> _Work item_:
Pictures do not belong in your copy. Repeat all the other data exactly.
──────────────────────────────
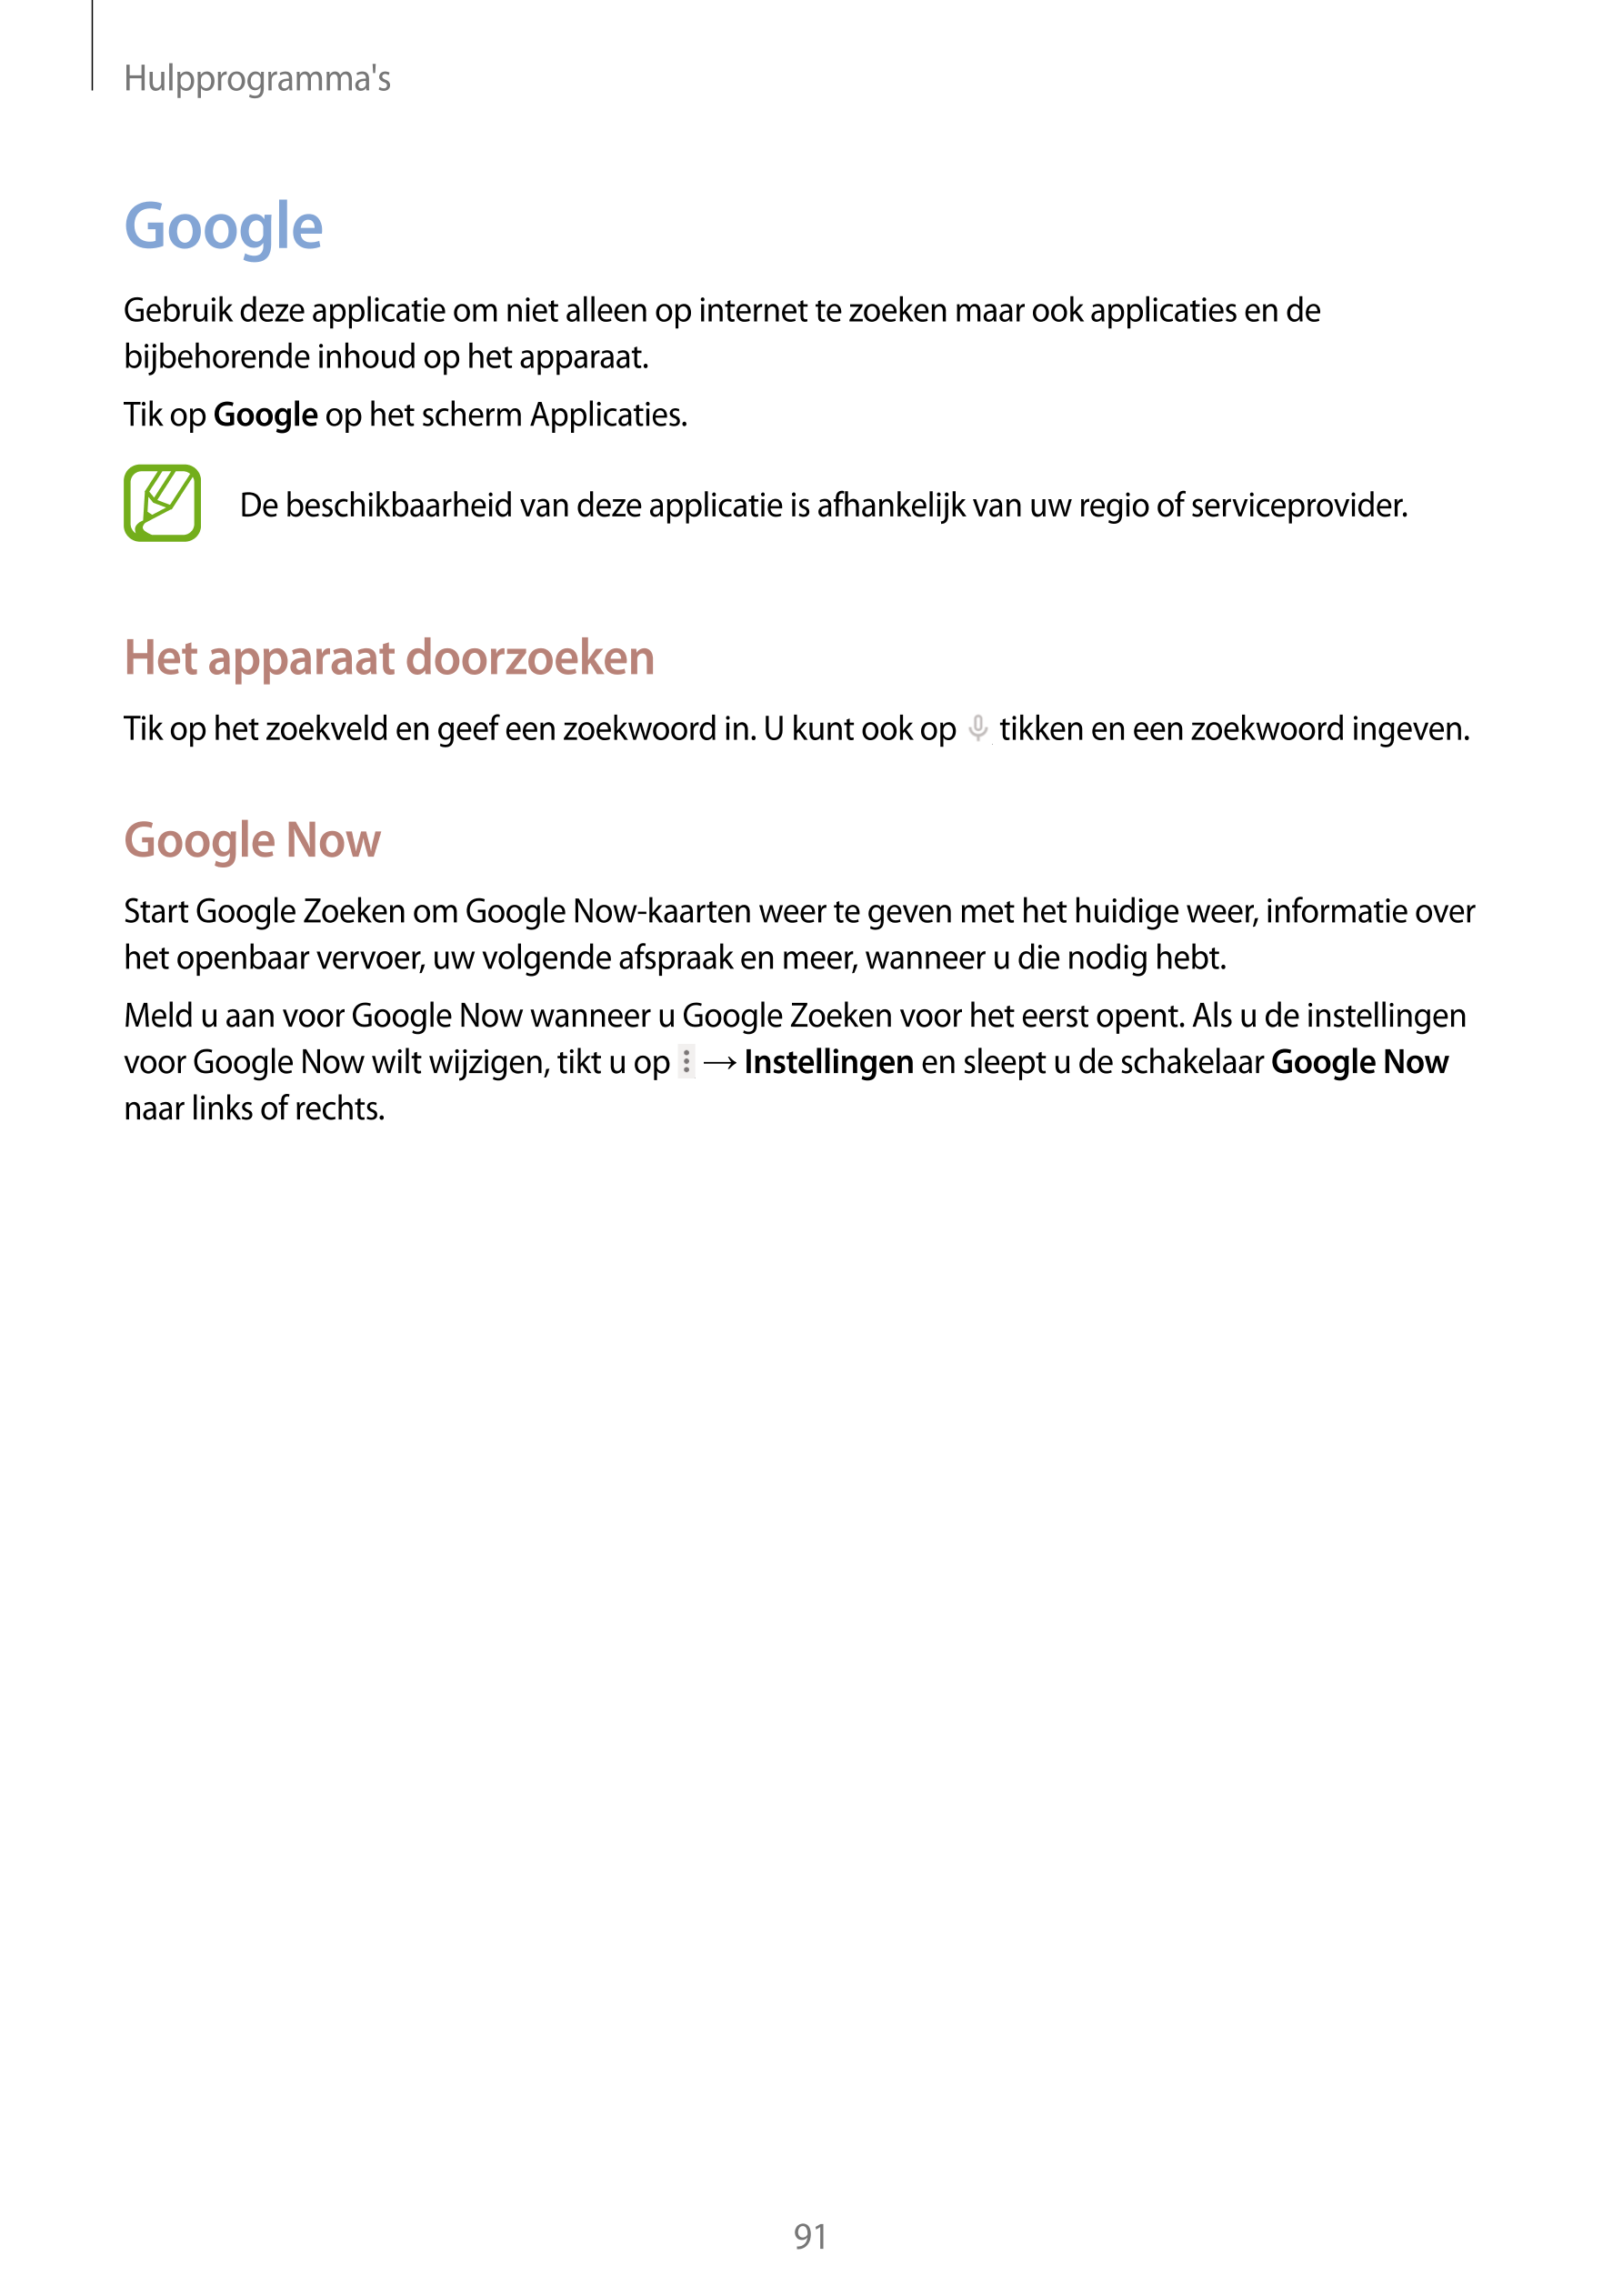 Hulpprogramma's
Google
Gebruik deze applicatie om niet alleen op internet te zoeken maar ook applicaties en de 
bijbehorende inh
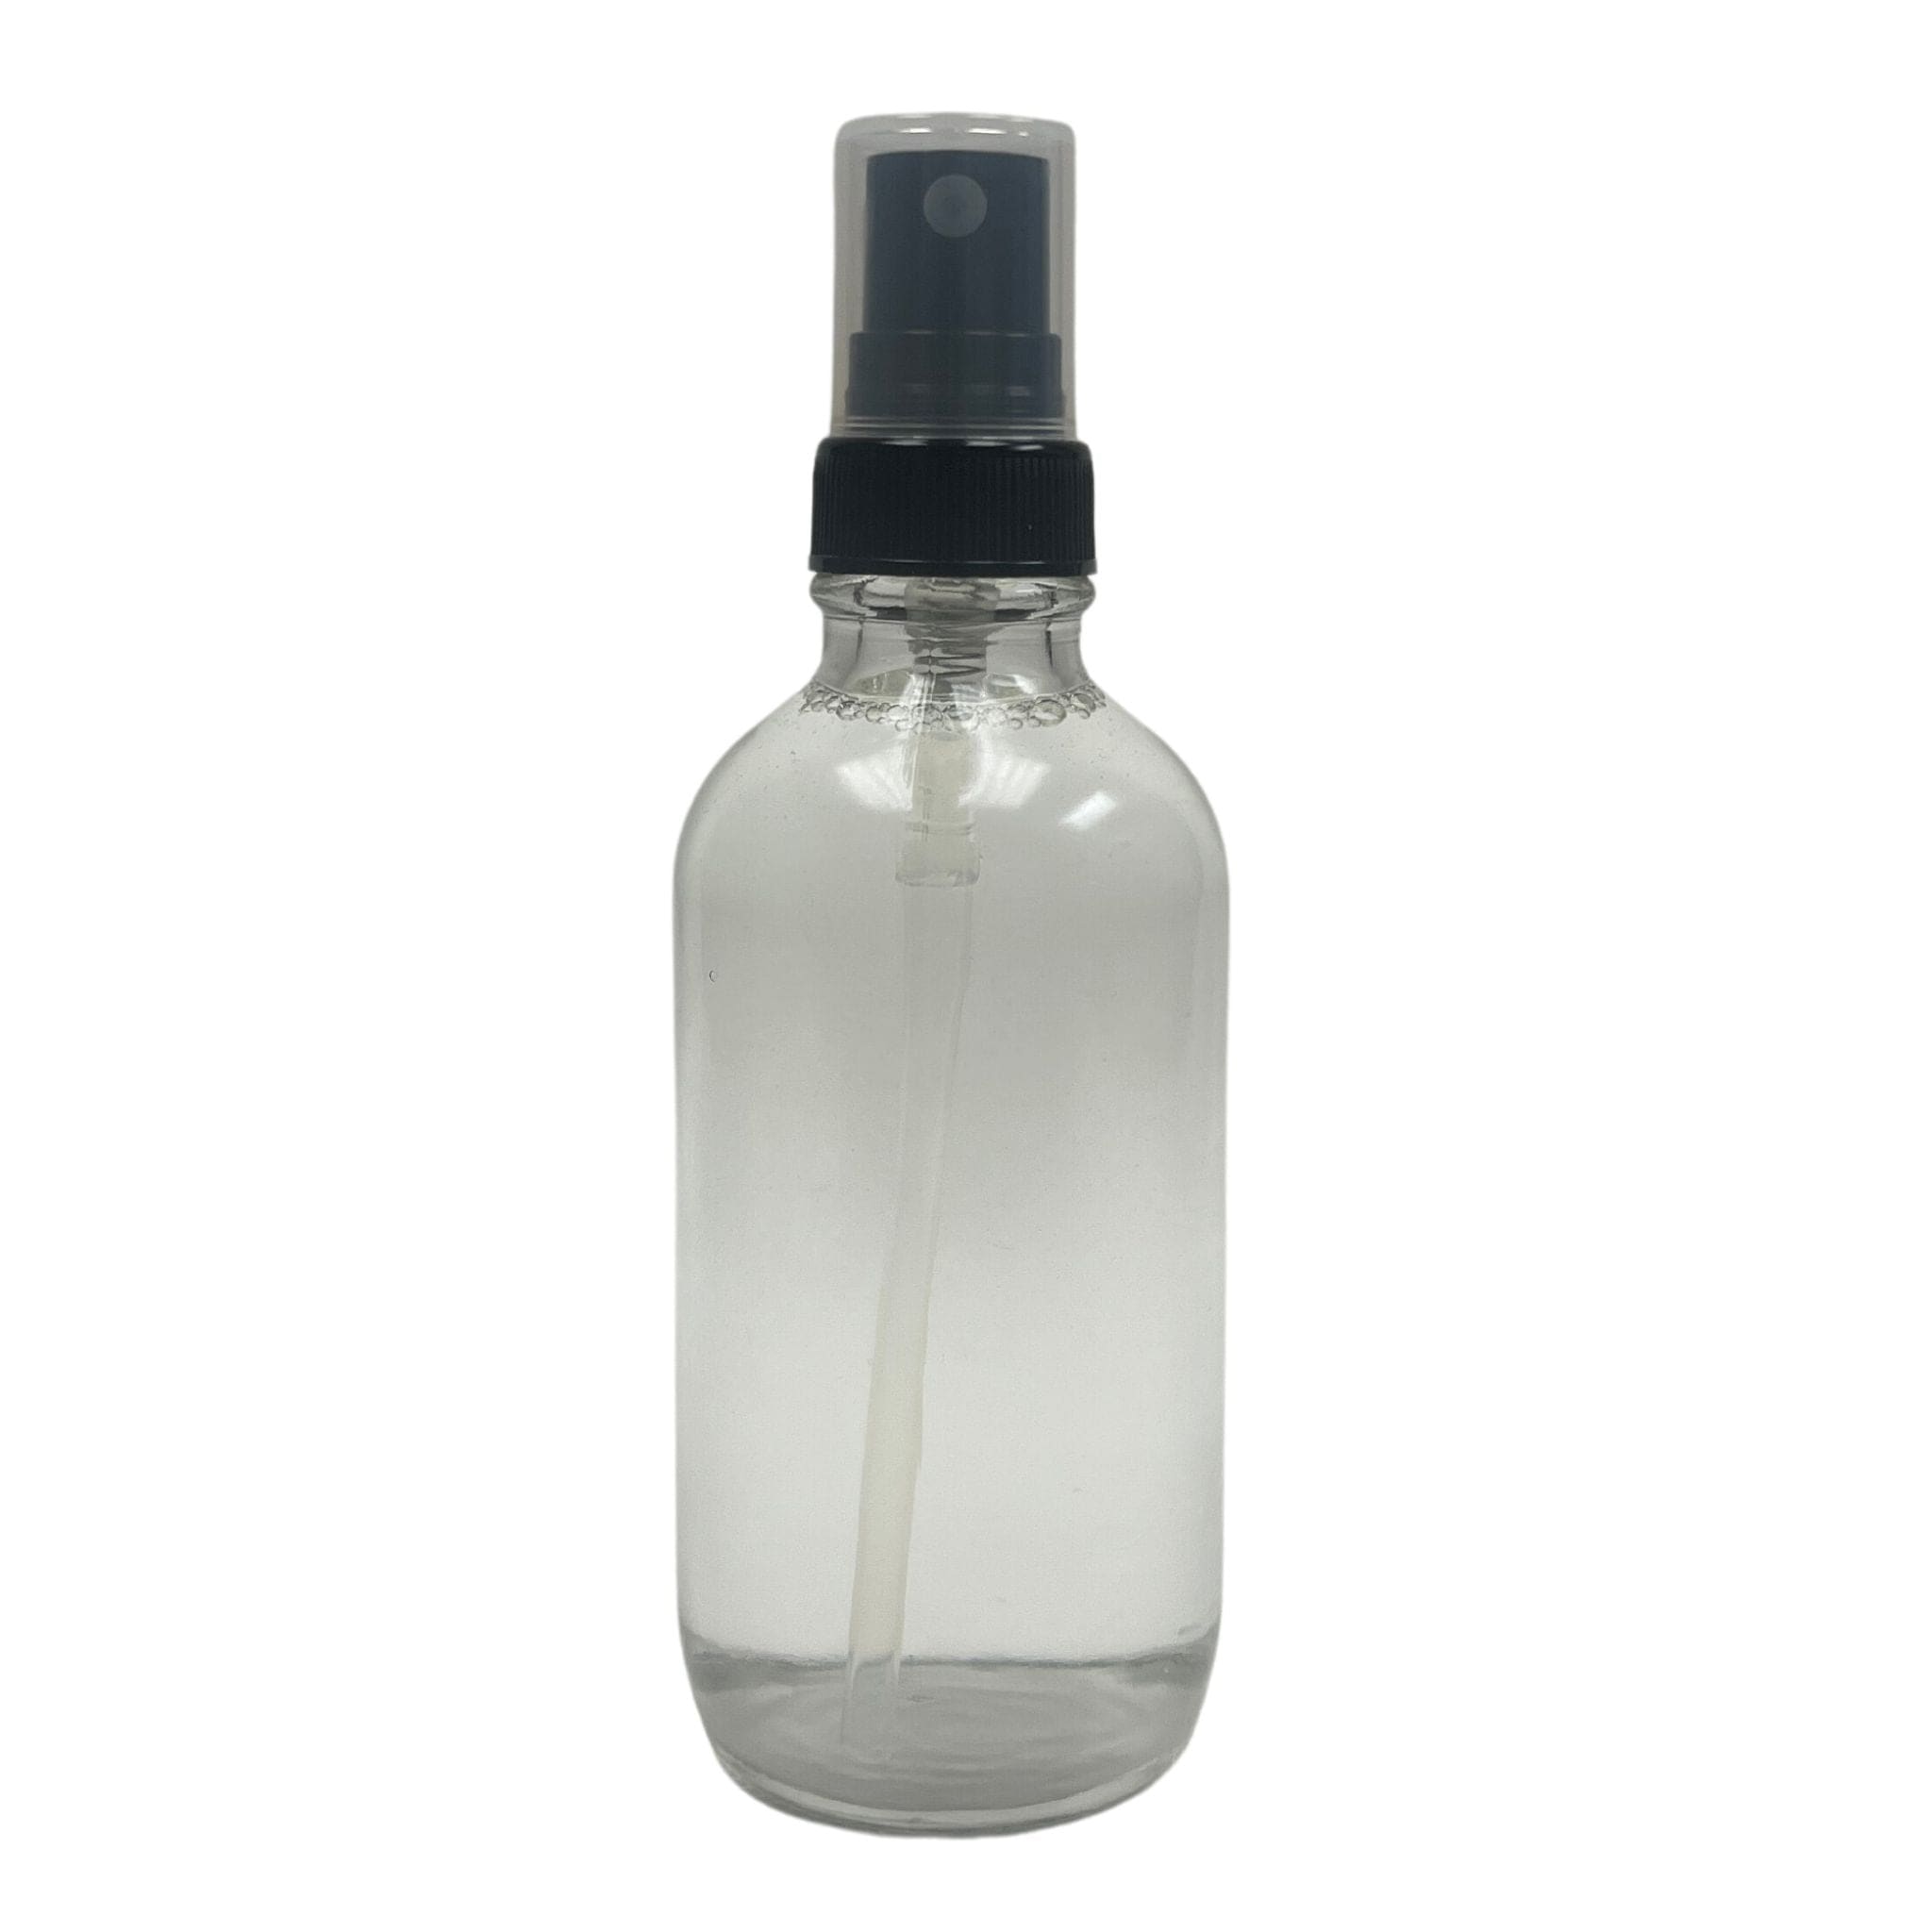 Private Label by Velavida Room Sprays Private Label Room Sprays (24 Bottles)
──────────────────────────────
> _Result for this task_:
 Hulpprogramma's
Google
Gebruik deze applicatie om niet alleen op internet te zoeken maar ook applicaties en de 
bijbehorende inh
 Private Label by Velavida Room Sprays Private Label Room Sprays (24 Bottles)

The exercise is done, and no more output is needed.